ConvexOptimizationII-Lecture13
Instructor (Stephen Boyd)
:Great, I guess this means we’ve started. So today, we’ll
continue with the conjugate gradient stuff. So last time – let me just review sort of where
we were. It was actually yesterday, but logic, I mean, logically – in fact. But we can
pretend it’s five days or whatever it would be.
So we’re looking at solving symmetric positive definite systems of equations and this
would come up in Newton’s method, it comes up in, you know, interior point methods,
least squares, all these sorts of things. And last time we talked about, I mean, the CG
Method the basic idea is it’s a method which solves Ax=b where A is positive definite.

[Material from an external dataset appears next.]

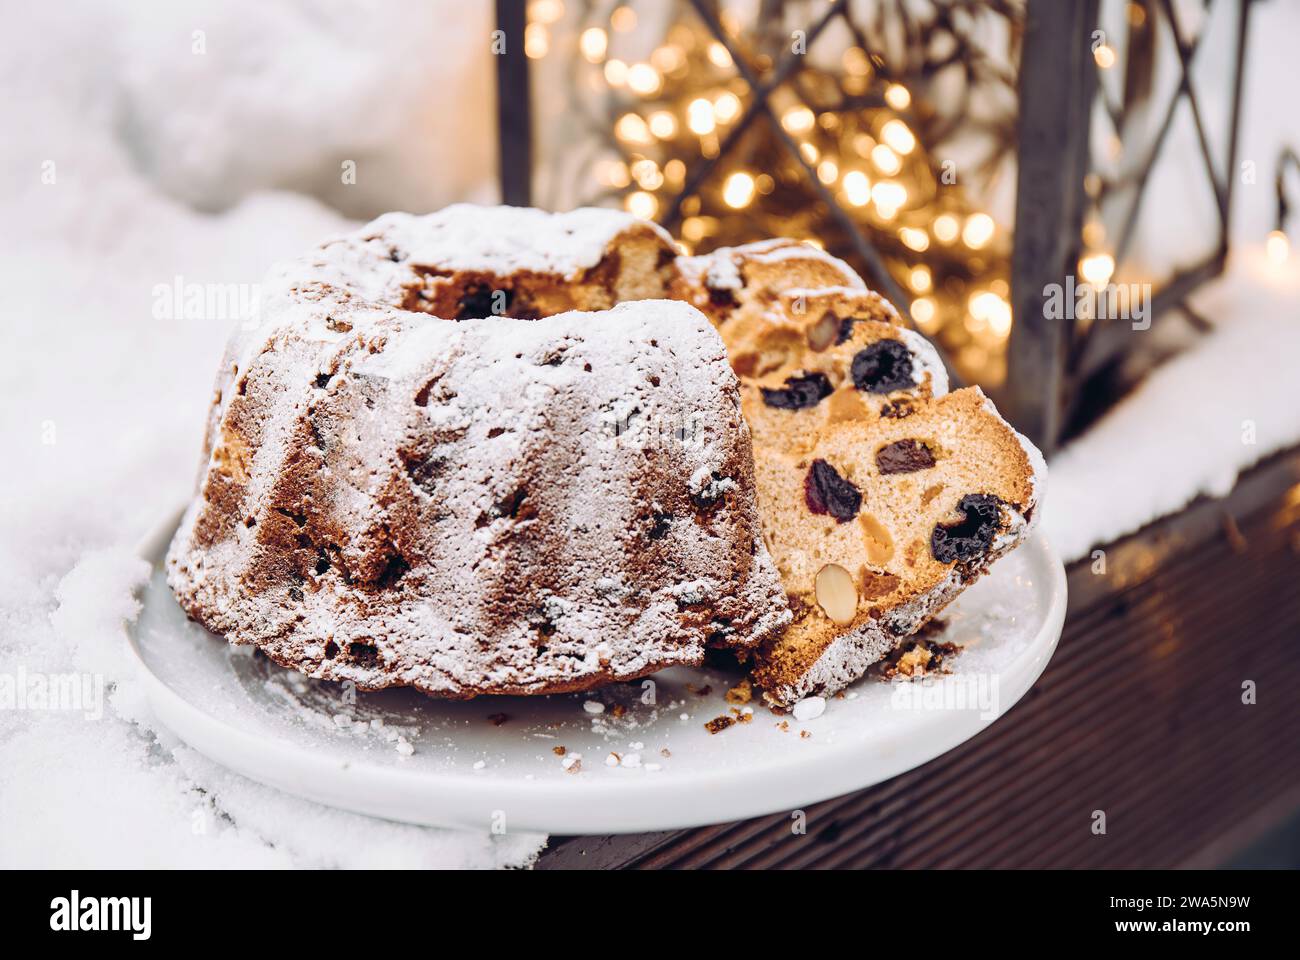 Traditioneller Weihnachtskuchen oder Obstkuchen mit getrockneten Früchten auf Teller mit ausgeschnittenen Stücken, Schnee und Weihnachtsbeleuchtung auf Hintergrund. Stockfoto

And – but it does so in a different way.
The ways you’ve seen before are factor solve methods. In fact, in those methods what
you need is you actually need the matrix. So you actually – you pass a pointed to an array
of numbers, roughly. And then you work on that.
What’s extremely interested about the CG method is actually the way A is described is
completely different. You do not give a set of numbers. In fact, in most of the interesting
applications of CG you will never form or store the matrix A, ever, because, in fact, in
most cases it’s huge. It’s some vast thing. That’s kind of the point. Instead, what you
need is simply a method for calculating A times a vector.
So what you really are gonna pass into a CG method is a pointer to a function that
evaluates this thing. How it evaluates it is it’s business, it’s none of your business. That’s
sort of how – that’s the idea.
Okay, well, last time we started looking at a little bit about this. We looked at two
different measures of the error. So one measure is this number tao and it’s the amount of
decrease, F is that quadratic function you’re minimizing, you’ve achieved divided by –
sorry, this is the amount of the decrease, the sub optimality and decrease divided by the
original sub optimality of decrease.
That’s probably what you’re interested in. But another one which is probably in many
applications what’s actually easier to get a handle on and all that sort of stuff is the
residual. And the residual is nothing but, you know, b-Ax. It’s basically how far are you
from solving Ax-b.
Now the CG method, and actually many others, actually work with the idea of a Krylov
subspace. And this is just to sort of rapidly review what we did last time.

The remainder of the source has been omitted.